Segment Start: GIVEN DATA

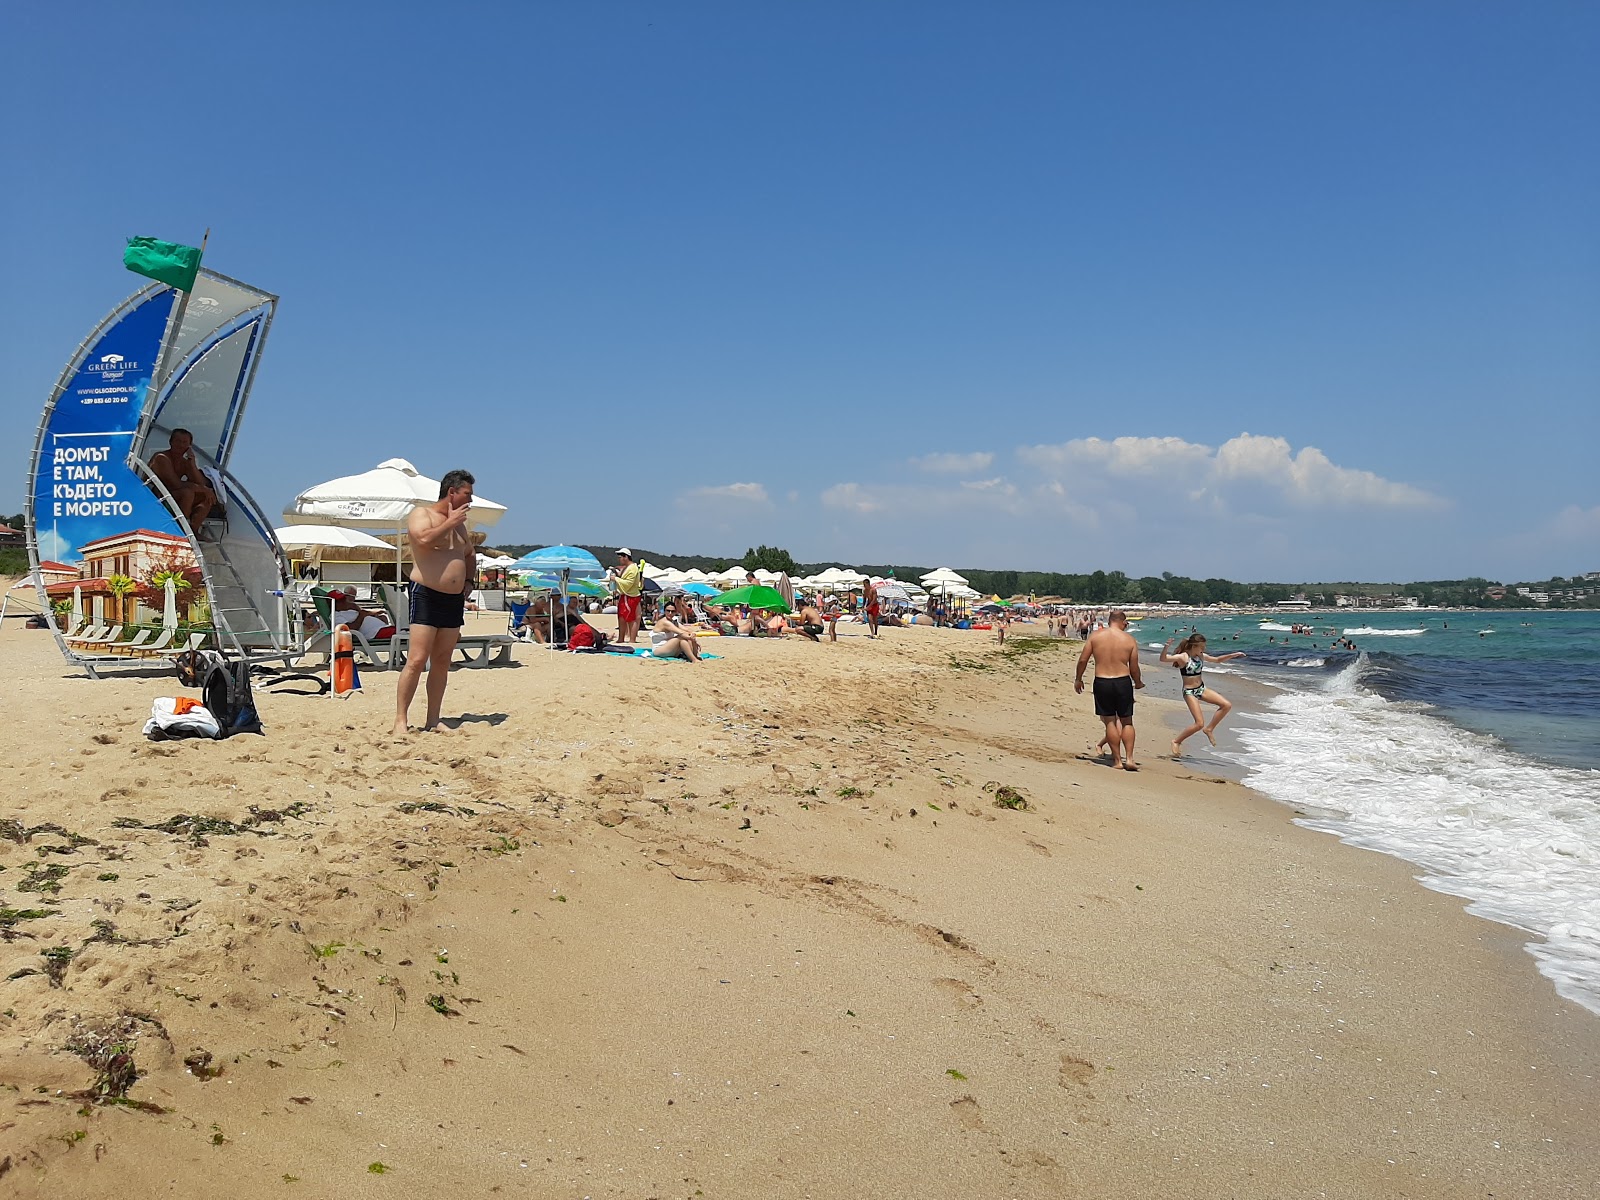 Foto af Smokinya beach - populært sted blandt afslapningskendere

Segment End: GIVEN DATA
Segment Start: GIVEN DATA

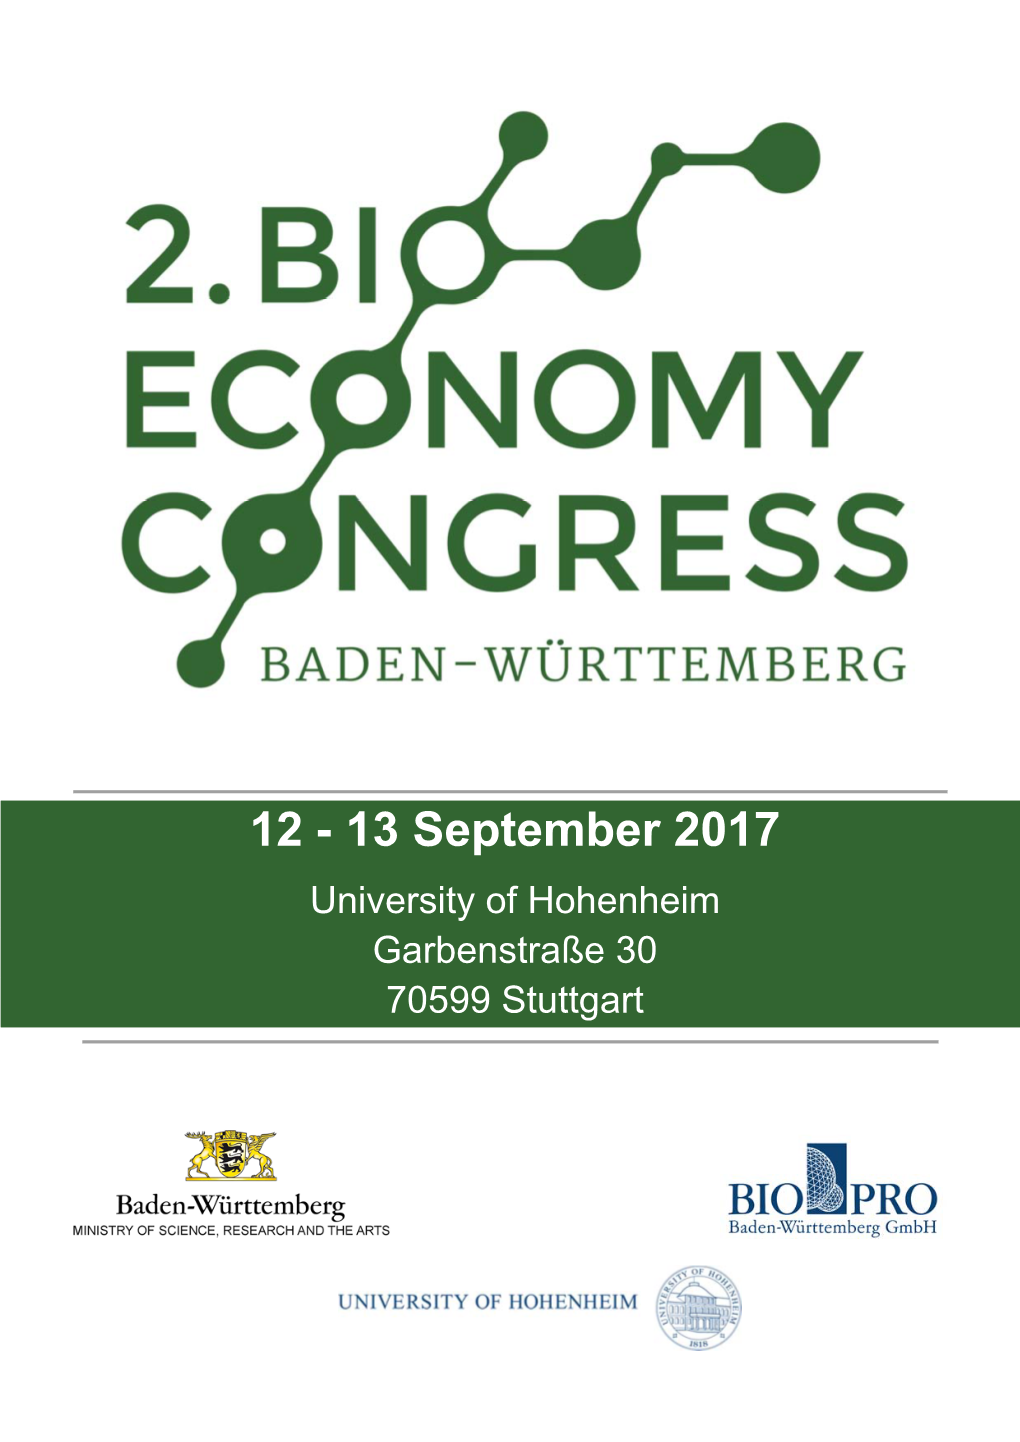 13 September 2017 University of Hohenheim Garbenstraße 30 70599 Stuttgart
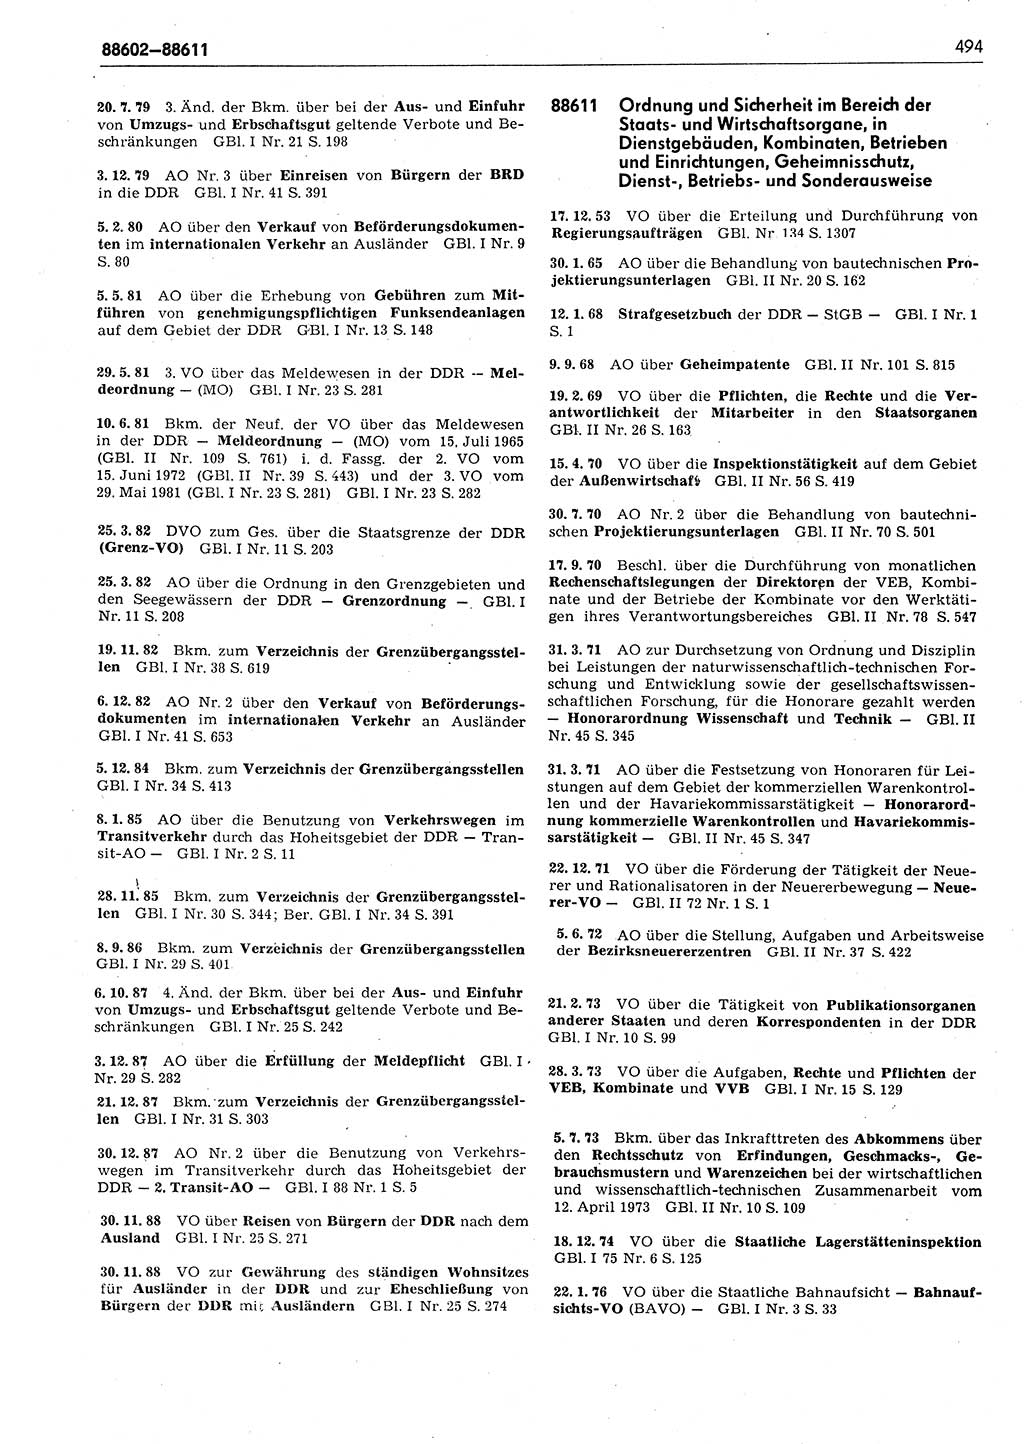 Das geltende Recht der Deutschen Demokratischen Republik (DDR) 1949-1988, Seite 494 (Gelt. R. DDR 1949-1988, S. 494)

Segment End: GIVEN DATA
Segment Start: GIVEN DATA

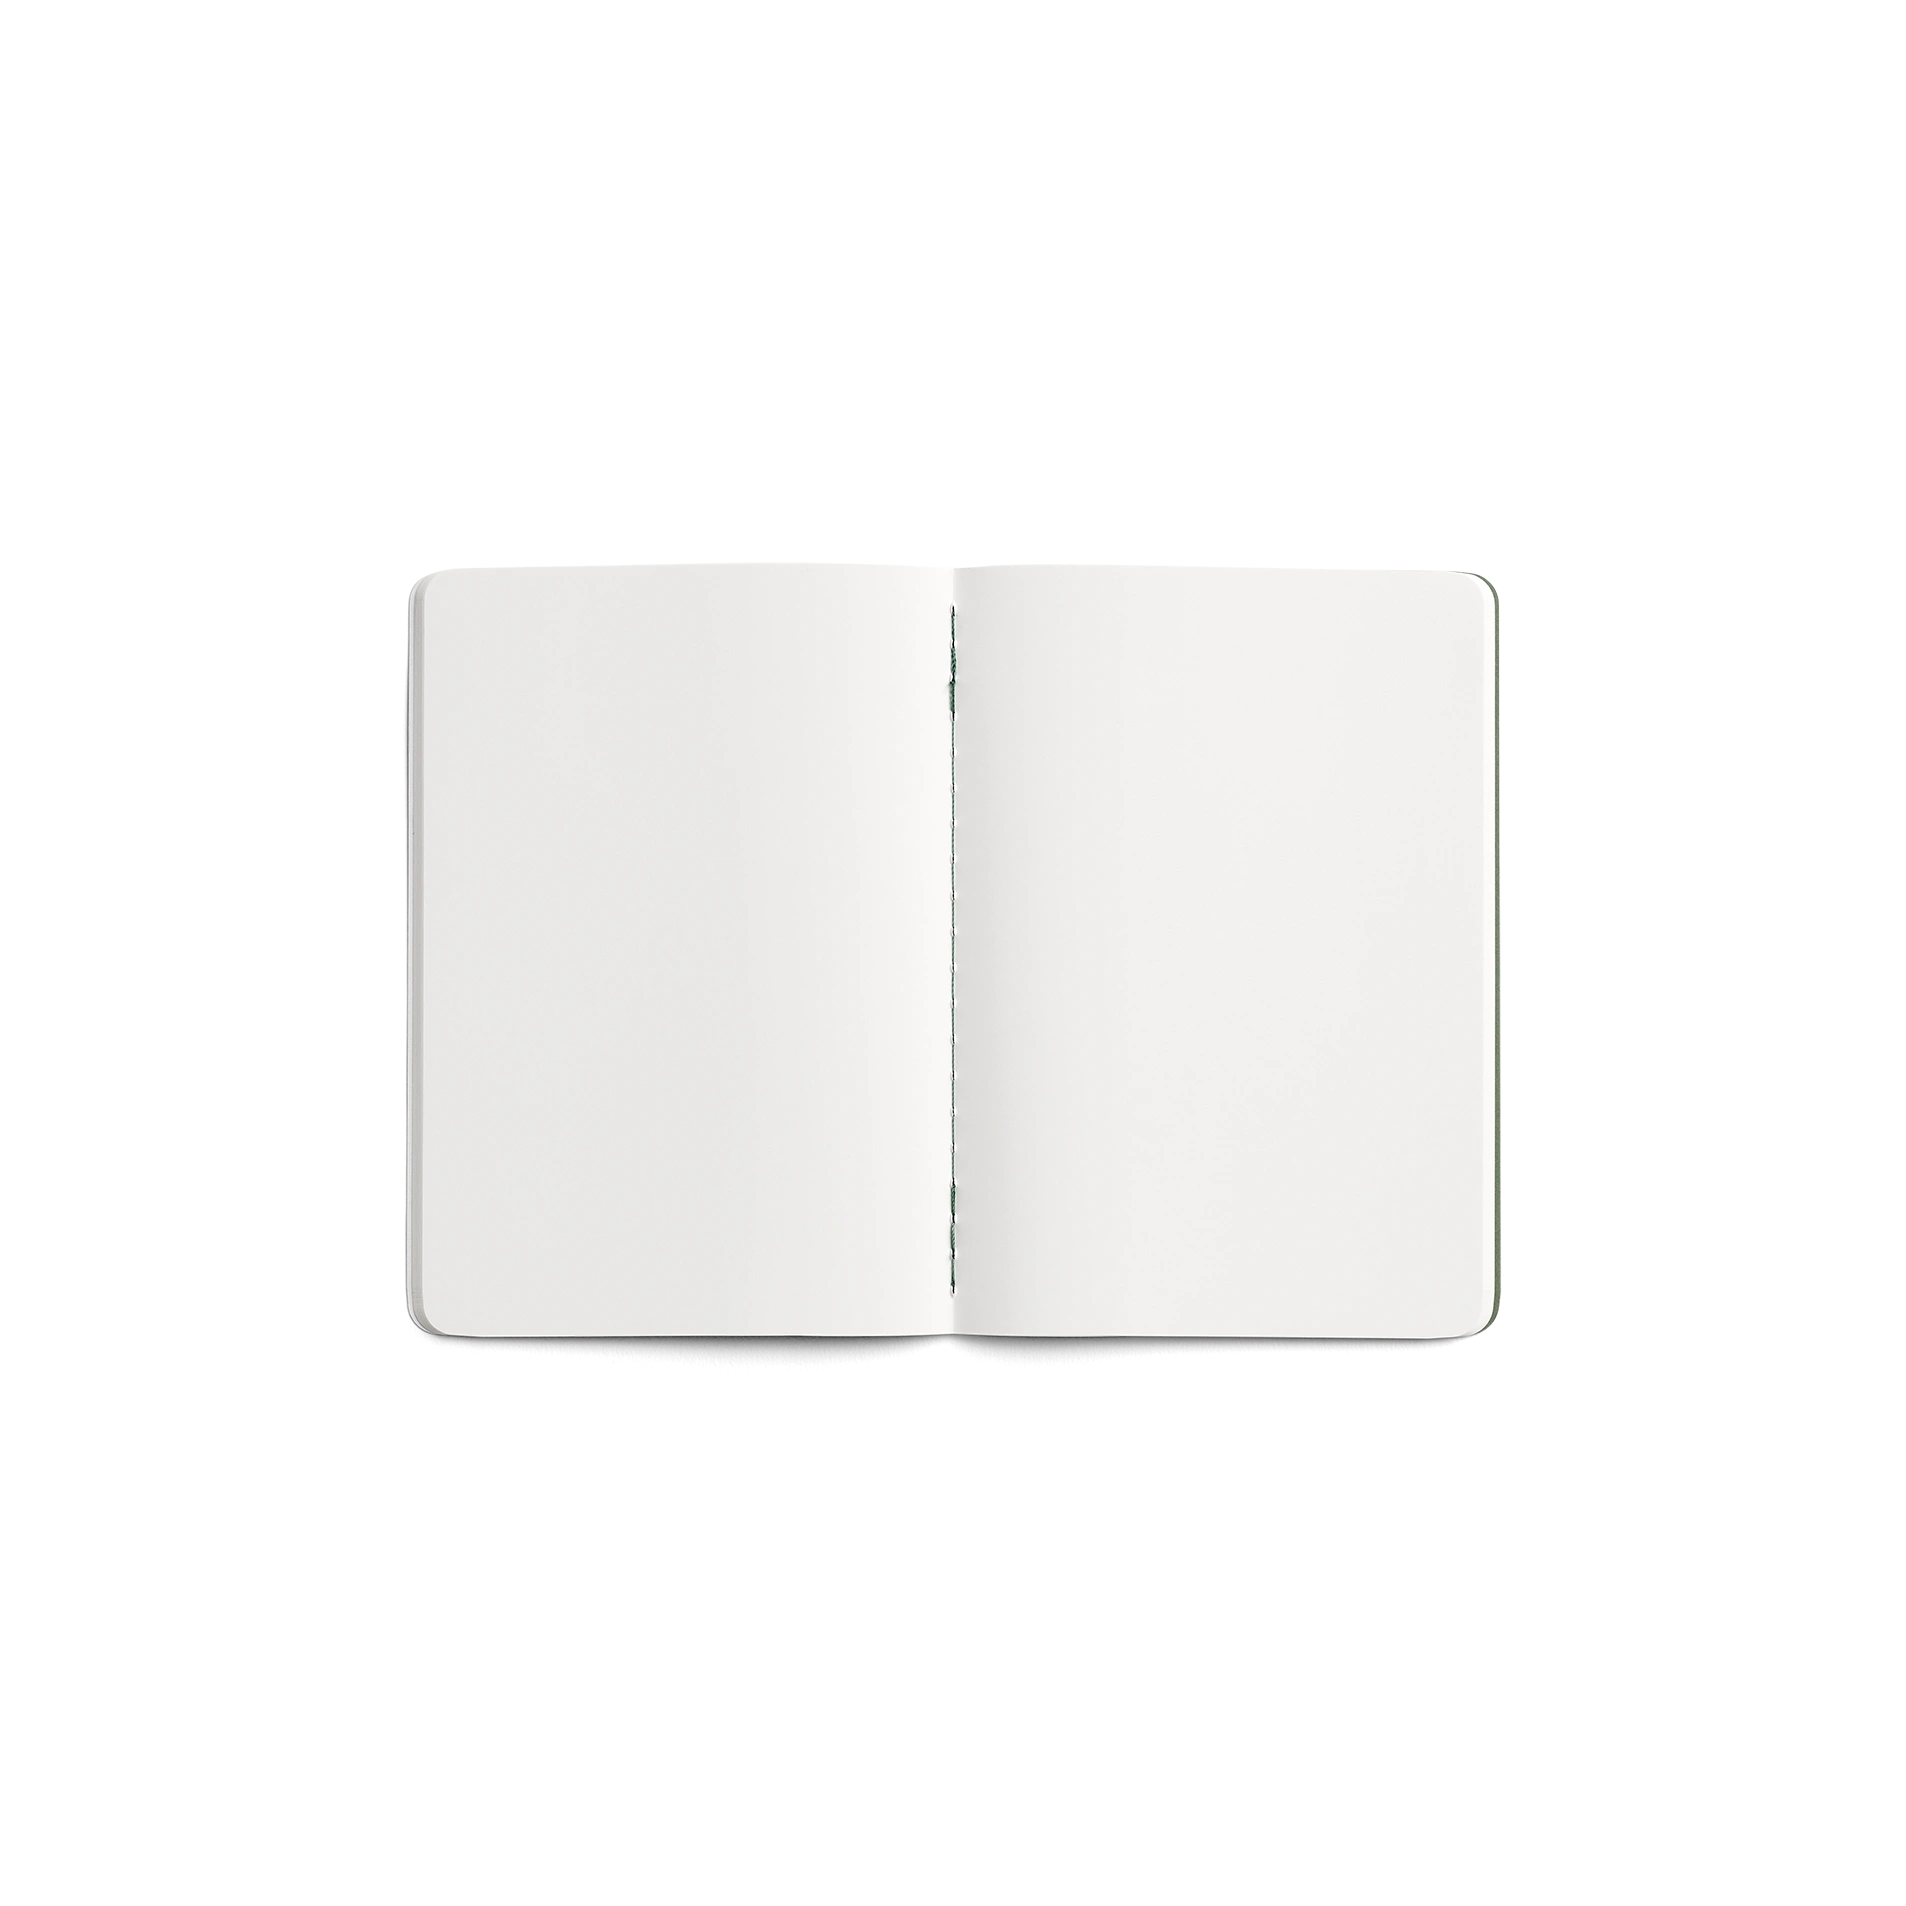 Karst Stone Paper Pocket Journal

Segment End: GIVEN DATA

Every line above in the stretch from the one with "13 September 2017" through the one with "Das geltende Recht" is to be transcribed exactly, ends included. No picture is copied.

 13 September 2017 University of Hohenheim Garbenstraße 30 70599 Stuttgart
 Das geltende Recht der Deutschen Demokratischen Republik (DDR) 1949-1988, Seite 494 (Gelt. R. DDR 1949-1988, S. 494)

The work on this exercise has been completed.